Cuando uno escoge algo, eso tiene un impacto en otras personas.

La Teoría de los Juegos es tener en cuenta el impacto de mis decisiones en los otros cuando las voy a tomar.

El “juego” es la interacción entre dos o más partes y depende de que la gente actúe racionalmente, consciente de los límites del “juego” y de que la otra parte también conoce las reglas.

Estas interacciones estratégicas forman el punto crucial de la Teoría de los Juegos.

“A veces la usamos conscientemente y otras intuitivamente” Incluso si la gente -y algunos animales- no razonan conscientemente sobre las estrategias que van a usar, otras fuerzas, como la evolución o la experiencia de errores pasados, a menudo la hace comportarse de la misma manera que si fueran jugadores fríamente racionales.

No todo es lo que parece: LA FÁBULA DEL “DESPISTADO” (Según Fontanarrosa)

Se cuenta que en una ciudad del interior, un grupo de personas se divertían con el “Despistado” del pueblo. Un pobre hombre de poca inteligencia, que vivía haciendo pequeños mandados y recibiendo limosnas. Diariamente, algunos hombres llamaban al “Despistado” al bar donde se reunían y le ofrecían escoger entre dos monedas: una de tamaño grande de 50 centavos y otra de menor tamaño, pero de 1 peso.
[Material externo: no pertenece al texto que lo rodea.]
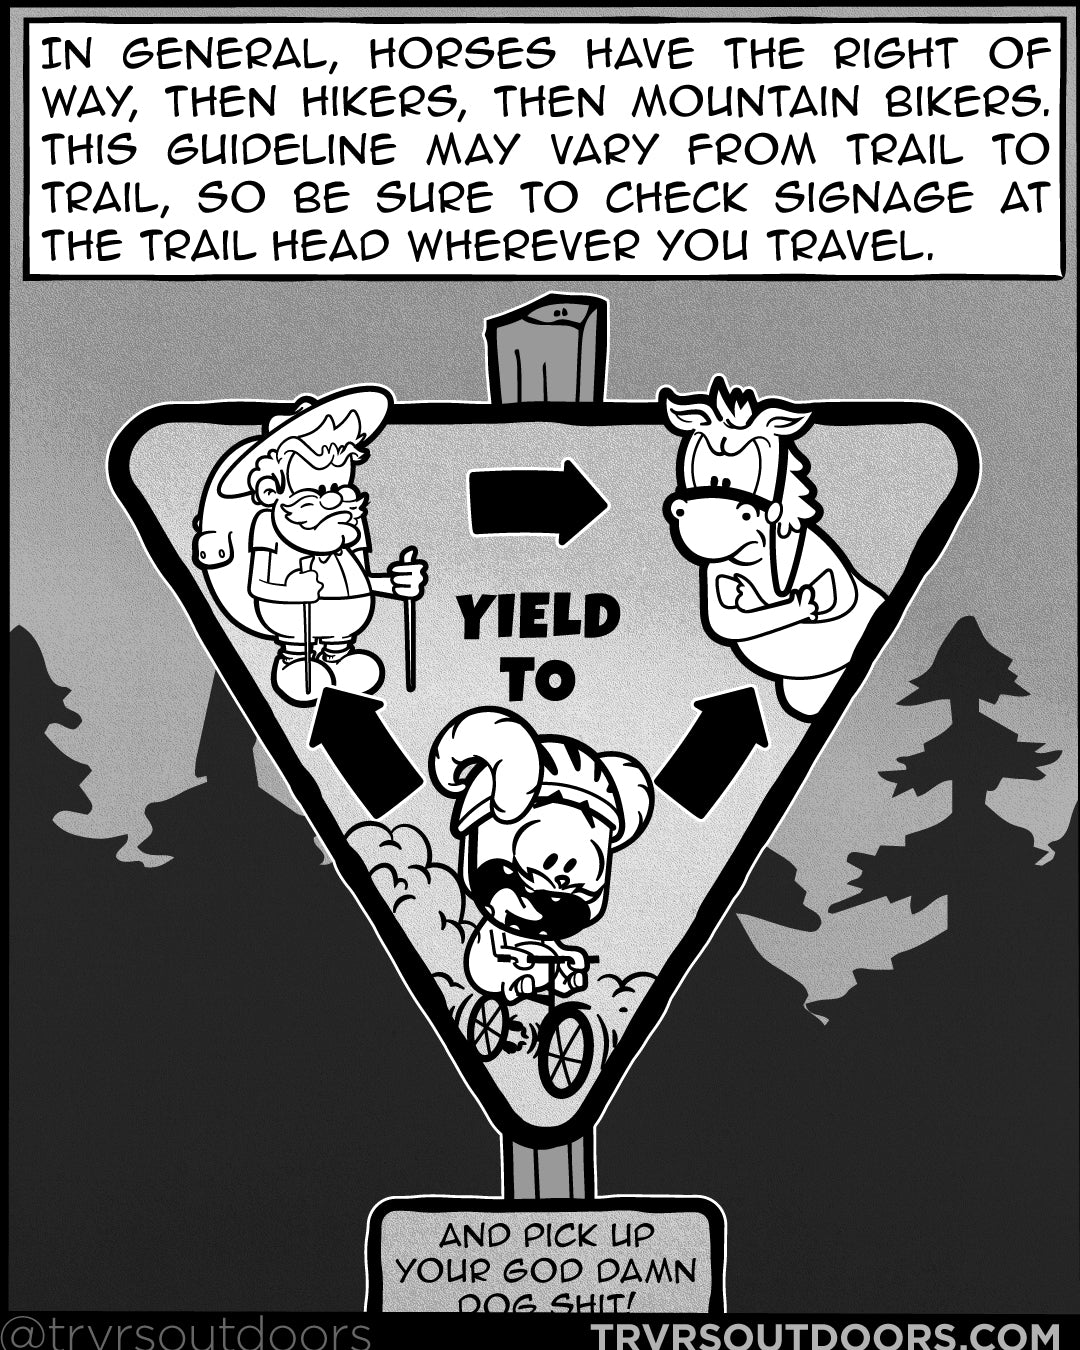 Yield To Hiking Sign - The Right Of Way, The Adventures Of Lambert Comic Series | TRVRS Outdoors

Él siempre agarraba la más grande y menos valiosa, lo que era motivo de risas para todos. Un día, alguien que observaba al grupo divertirse con el inocente hombre, lo llamó aparte y le preguntó si todavía no había percibido que la moneda de mayor tamaño valía menos y éste le respondió: – Lo sé, no soy tan “Despistado”…, vale la mitad, pero el día que escoja la otra, el jueguito se acaba y no voy a ganar más mi moneda.

Esta historia podría concluir aquí, como un simple chiste, pero se pueden sacar varias conclusiones:

La primera: Quien parece “Despistado”, no siempre lo es.

La segunda: ¿Cuáles eran los verdaderos “Despistados” de la historia?

La tercera: Una ambición desmedida puede acabar cortando tu fuente de ingresos.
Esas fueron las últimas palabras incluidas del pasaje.